When I was young and had just half a novel and a collection of pretty awful poems behind me, I decided that no one had anything worth writing about until they were at least forty years old. This did not stop me from trying but it proved pretty true in my case - everything up to that age was basically teenage angst and getting rid of ideas that were as practical as a cardboard swimsuit.

In my early twenties, I had a friend who was studying for his master’s degree in English Literature. He wrote a lot of poetry, even more than I did, and his stuff was beautifully constructed and polished, like a favourite old car lovingly attended to. I was less aware of it then but now, on looking back, I realise that the great weakness of his writing was that he didn’t really have anything to say. His poems were gorgeous constructions of delightful words but they contained nothing. I think my theory on writing and age was a subconscious recognition of this.

At the same time, I had another friend, an artist aged just over forty. He was known as the finest painter in the country where we lived and his technique was indeed phenomenal. He had the ability to paint anything he could imagine. I understood this because I was in the last throes of trying to be the greatest painter in the world. It was partly my inability to reproduce the paintings in my head that stopped me in my ridiculous ambition and enabled me to turn to writing.

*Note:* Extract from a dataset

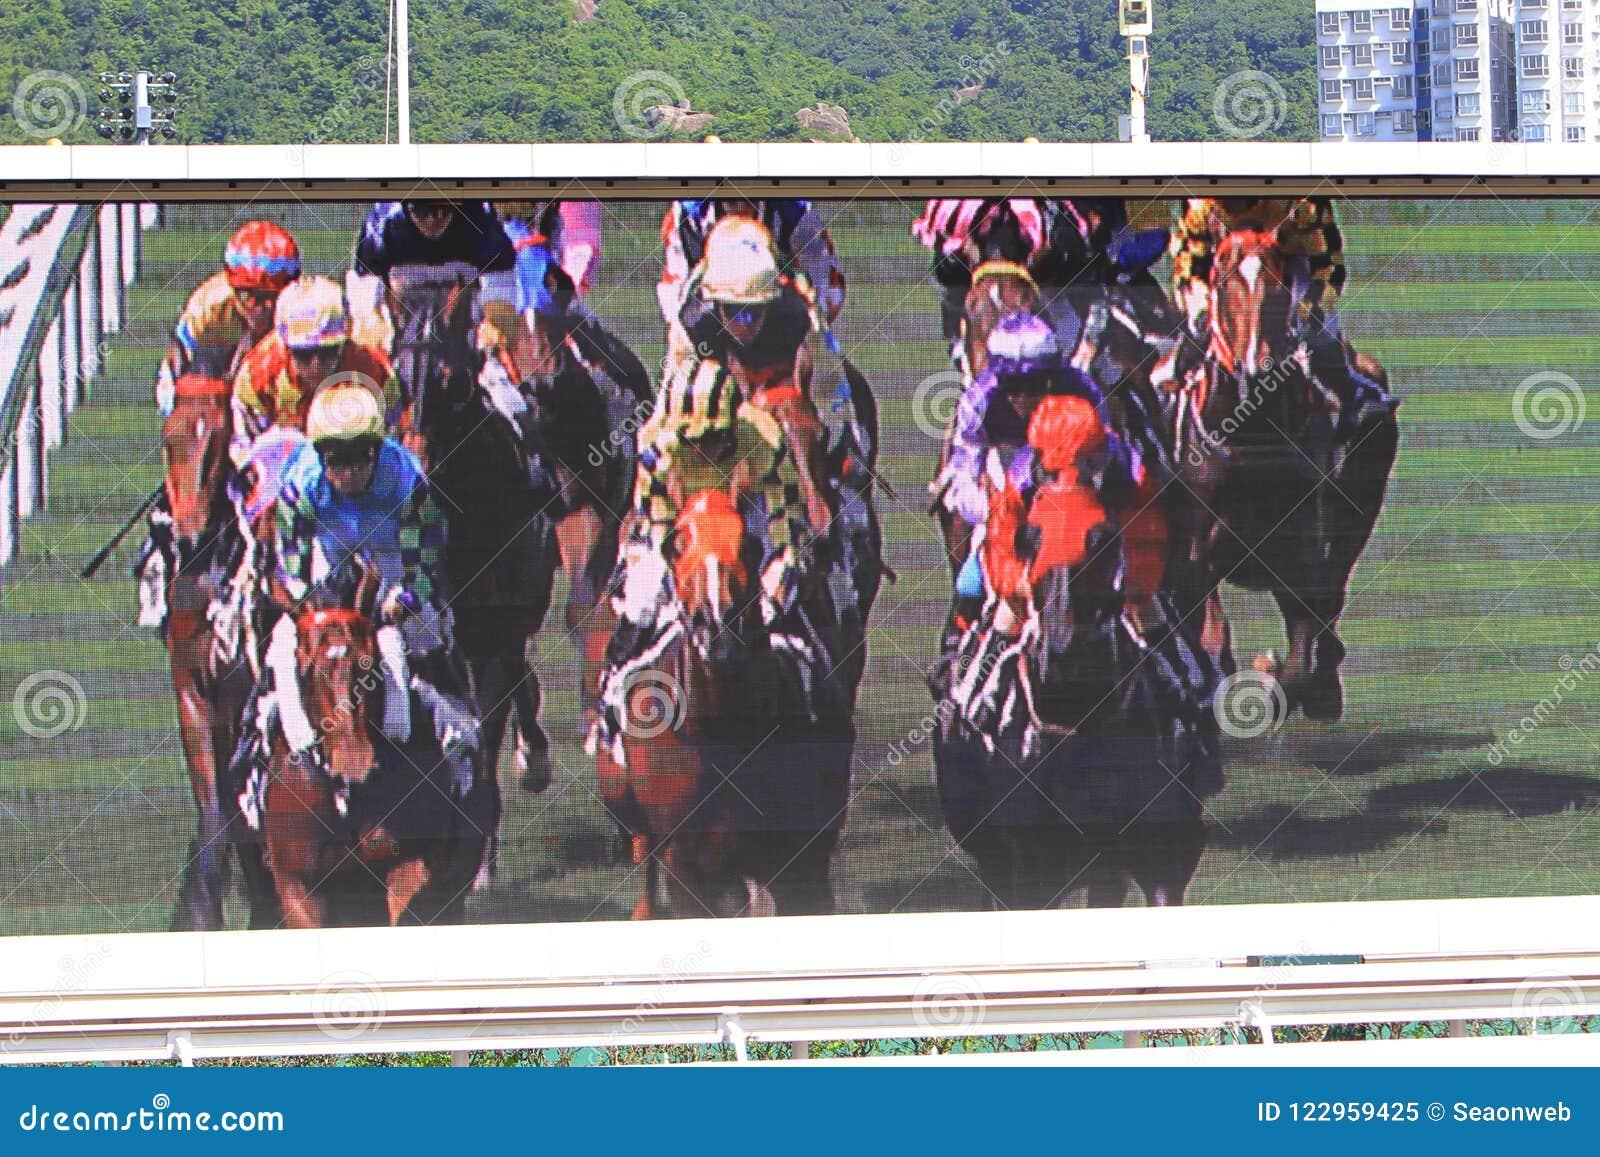 Gambling Racecourse

There was a problem, however. Although my artist friend produced some brilliantly executed stuff, it was empty and pointless. He once admitted to me that his latest painting was based on an idea from a book his wife was reading. When your ideas are second- or third-hand, it’s time to find out what’s wrong.

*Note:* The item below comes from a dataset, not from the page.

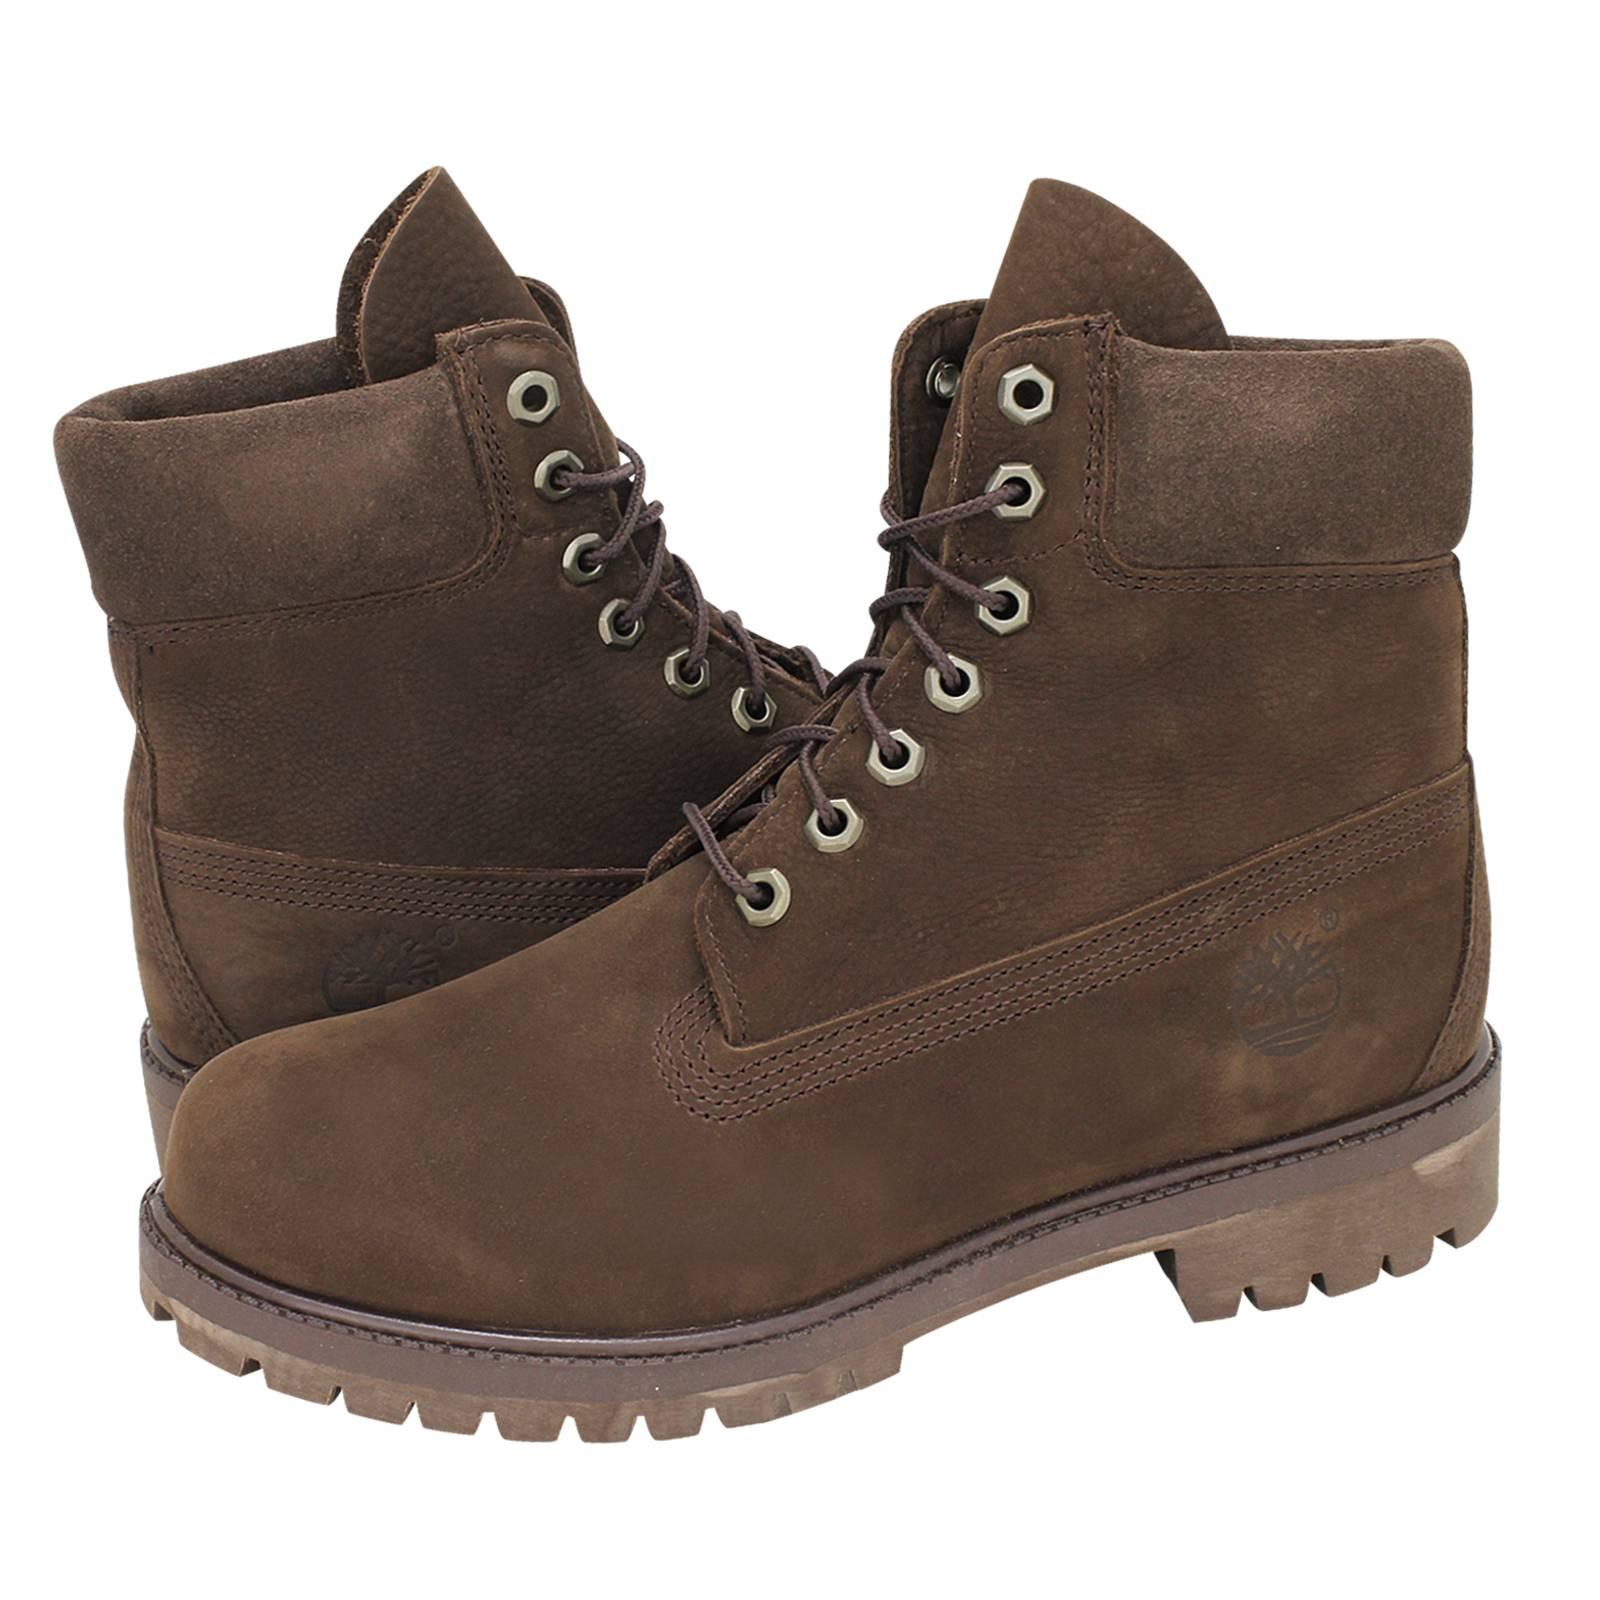 Icon 6 Premium Boot - Ανδρικά μποτάκια Timberland από nubuck και ... 881a18425bb

Everything became clear to me when the guy showed me some of the paintings from his youth. They were messy, imprecise and careless in style, but showed enormous passion and depth of emotion. They were far, far better than anything he had done in the last ten years and I suspect that he knew it. Certainly, he was aware that he had controlled his creative urges during that period while he schooled himself in technique. He wanted to be able to paint absolutely anything and was prepared to sacrifice the time to gain that ability. The trouble was, by the time he got there, he had forgotten what he wanted to say.

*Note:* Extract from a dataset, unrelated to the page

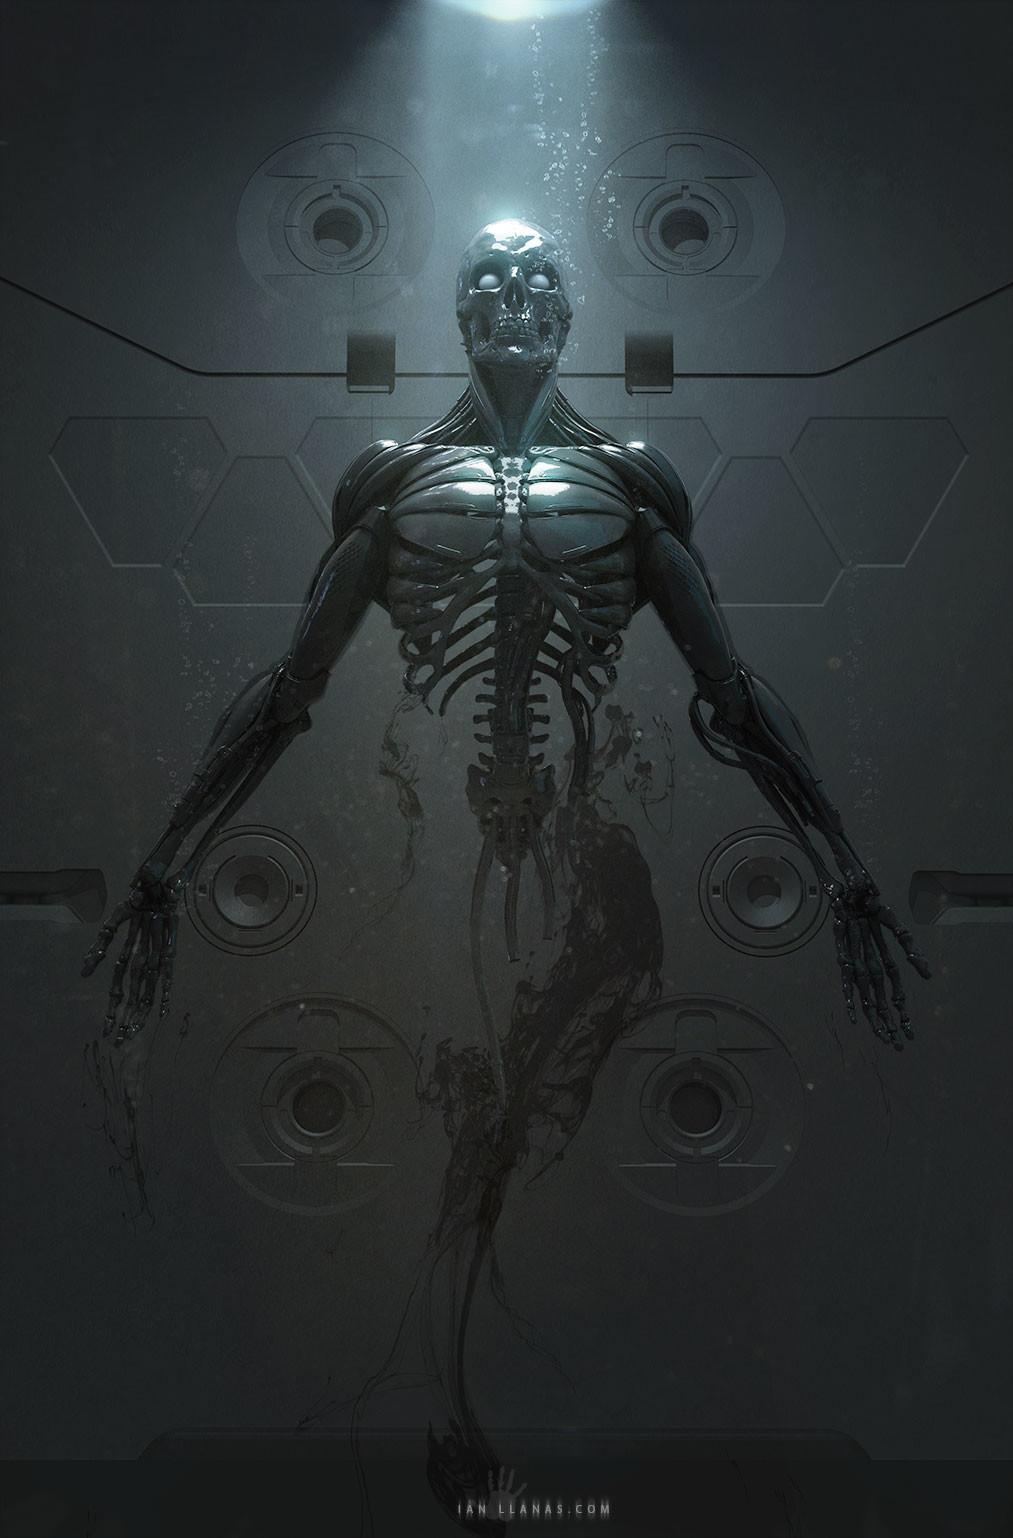 Print available - https://www.inprnt.com/gallery/ianllanas/cyborg-birth/
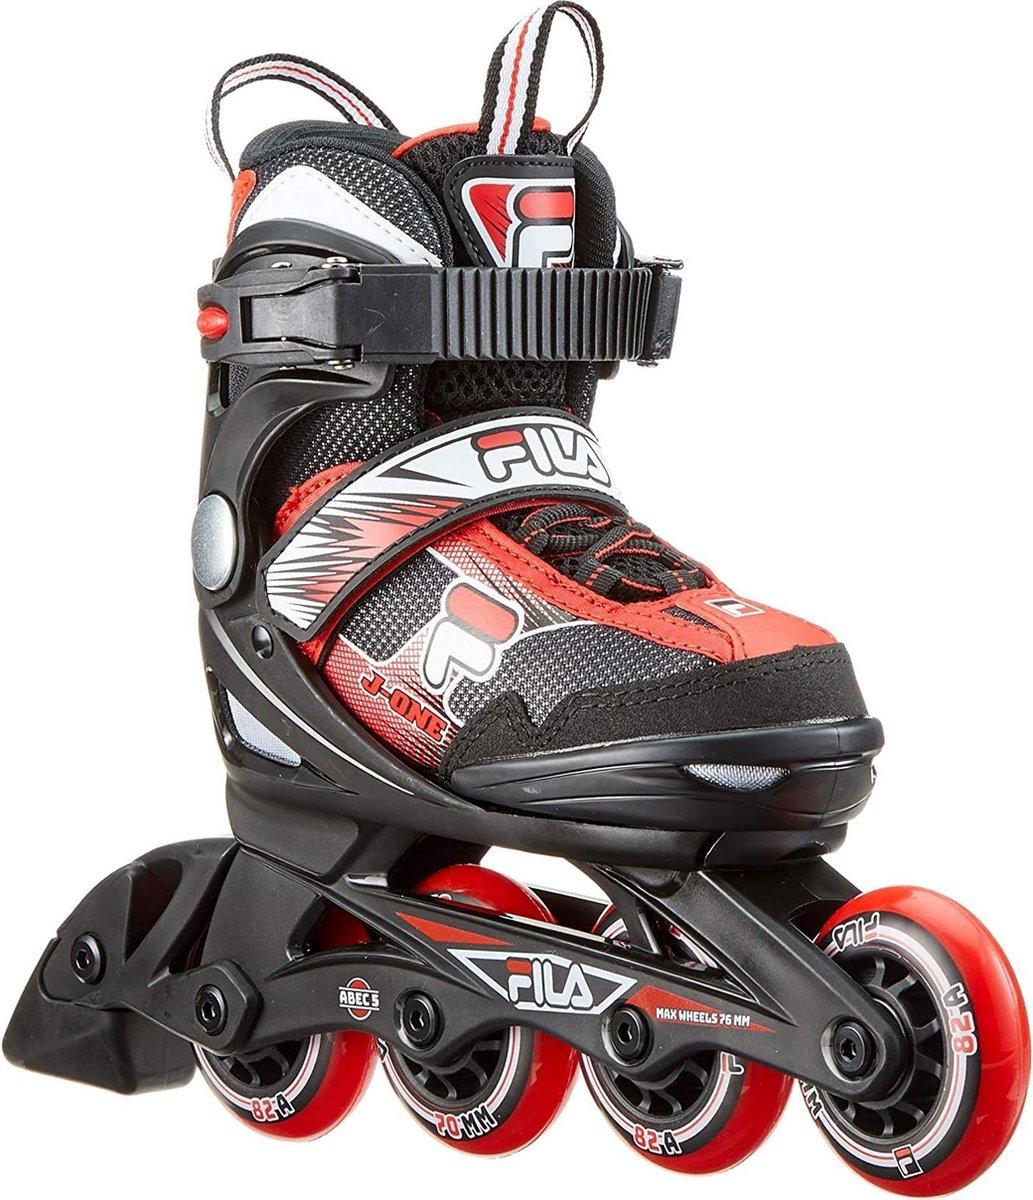 Fila Inlineskates - Maat 36-40 - Unisex - Zwart/ rood/ wit

It became clear that the road ahead was like a narrow path between two precipices - what mountain climbers call an arête. On the one side I should forget writing anything worthwhile until I was much older and, on the other, I should not chase after technique but allow it to come naturally through experience. To some extent, at least, I have kept to this intent. For many years I wrote very little creatively, although it has always been impossible to stop myself honing whatever writing I was doing, even business letters and notes to myself. They told me this blog should be informal and not to bother too much about grammar and spelling. Hah, as if that were possible.

I suppose that I could say that I’m old enough now to have a few things to say. A very good internet friend of mine taught me that memory is a wonderfully rich mine of stories that others find interesting (to us, they’re just what happened). And the silly philosophies of youth are long buried in the long march through reality. At the same time, I have not been swayed to acquire technique and I still have no idea what the various names for poetic meter mean. One has to stay at least a little wild or become tamed and boring.

And now, at the age of seventy-two, I find there’s another matter to be attended to. I learned it in the course of writing The Gabbler’s Testament twenty years ago but only recently have I understood it in relation to my other “laws.” There is a chapter in that book that required me to bare my soul in a way that I had never done before (it also required me to write the longest sentence known to mankind but that’s another story). It was pain to write it but resulted in the best chapter in the book.

So I have a trident of laws for writing: leave it until you’re ancient and have something to say (check), don’t go running after perfect technique (check) and your heart, your deepest secrets, are where the best stories are (well, that one’s being checked).

You’ll just have to read me if you want to find out if it all works.